Women play a vital role in a man’s eating habits. When not consulted about diet changes, married African-American men were more likely to binge on unhealthy food outside of the home instead of causing a rift at home.

For married couples, discussing changes in dinner or other meals to more healthy options can affect what a man eats. While a man may eat what the healthy option at home they are may not be happy about it and may often binge on unhealthy food outside of the home. Discussing the changes and adapting for preference can help ease the healthy diet blues for some men.

The study, led by Derek Griffith, PhD, from the University of Michigan’s School of Public Health, involved focus groups consisting of 83 African-American men. Researchers discussed changes in diet at home and whether or not their partners consulted them about the changes or included their preferences for the healthy meals.

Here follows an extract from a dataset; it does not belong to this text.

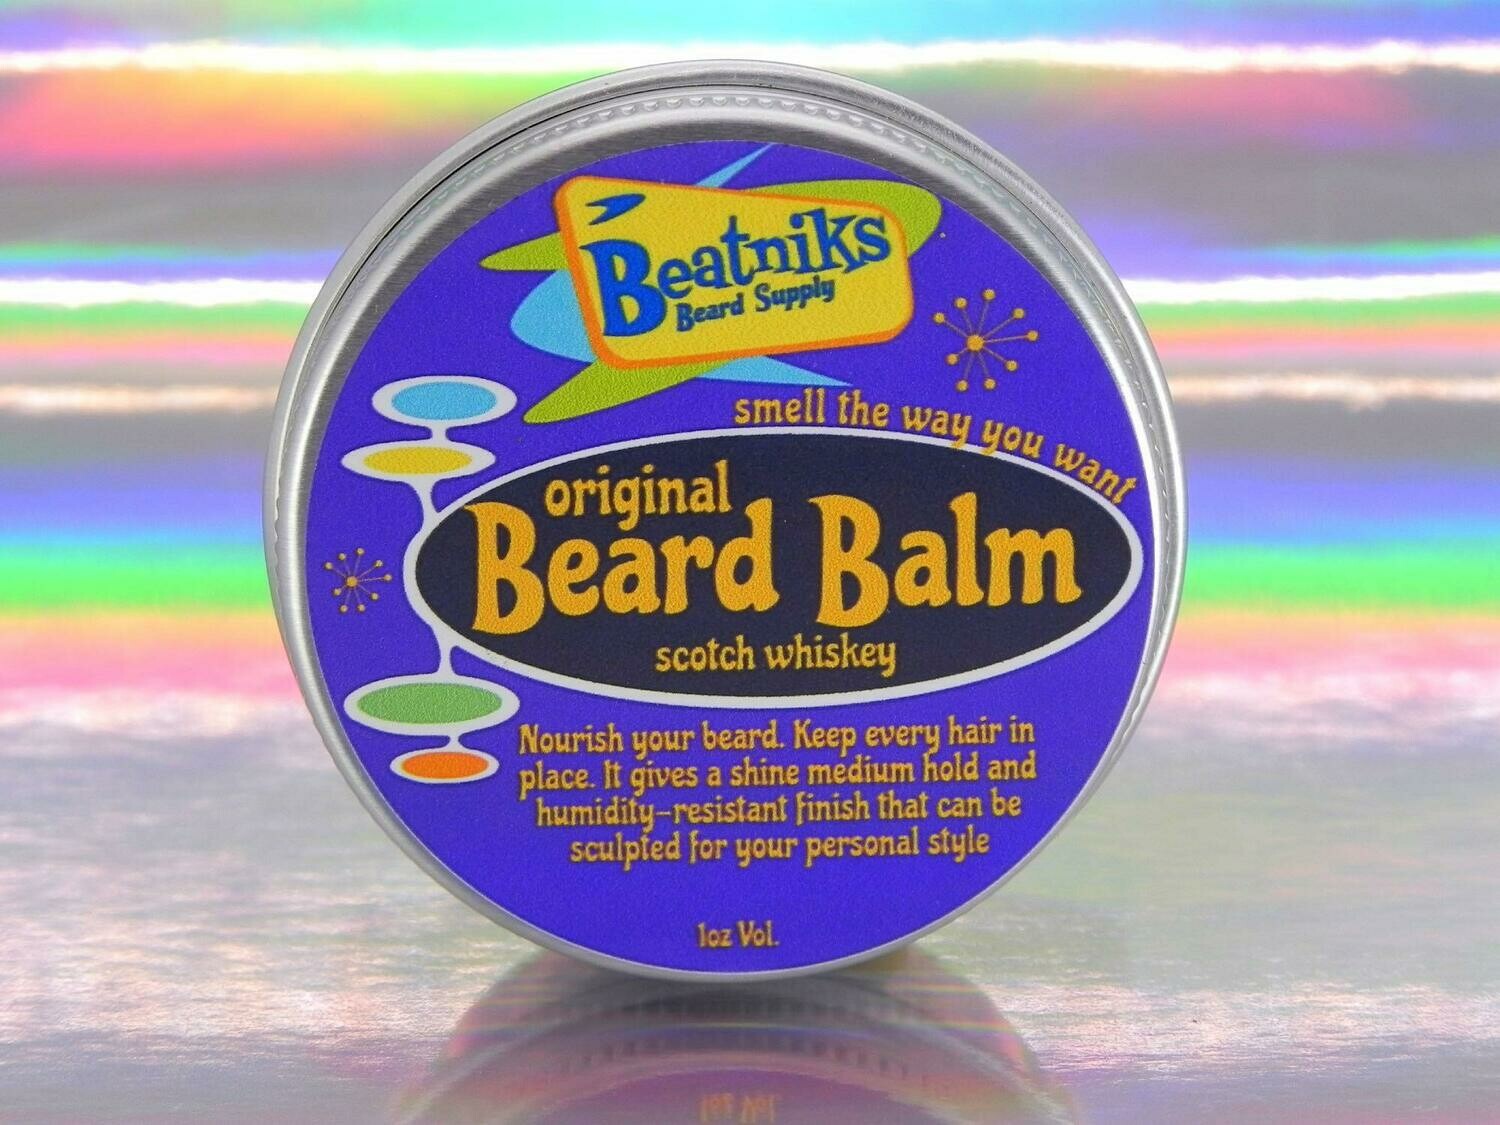 SCOTCH WHISKEY | Beard Balm Original

According to the study, the majority of the men were not consulted about the healthy changes that were made for household meals. For the men, they believed that women had more control of what they ate at home when compared to eating out. According to researchers, for men it was their wives and not their food preference that played a role in what the men ate at home. This imbalance in the decision making led men to seek solace in unhealthy food outside of the home and away from their wives.

The men in the study were happy with household roles both partners adopted in the home, which included their wives being in control of food preparation as well as decision making but were not so happy about the changes their wives made when switching to a healthy diet. For some of the men, this dietary change was recommended by a doctor but the lack of consultation by their wife caused them to feel frustrated about the changes.

The men liked the fact that their wives cared about them and were looking out for their health. Rather than cause a conflict, the men chose to appease their wives and ate the healthier options without complaint at home. Outside of the house, it was a different story, where unhealthy choices trumped healthier choices.

Dr. Griffith believes that for African-Americans, food intervention programs, such as doctor-recommended changes need to include a man’s preference in diet as well as his desire to appease his wife and keep the marriage happy rather than his own feelings about the diet. Future studies could expand the research to include different racial groups.

The study was published in Health Psychology.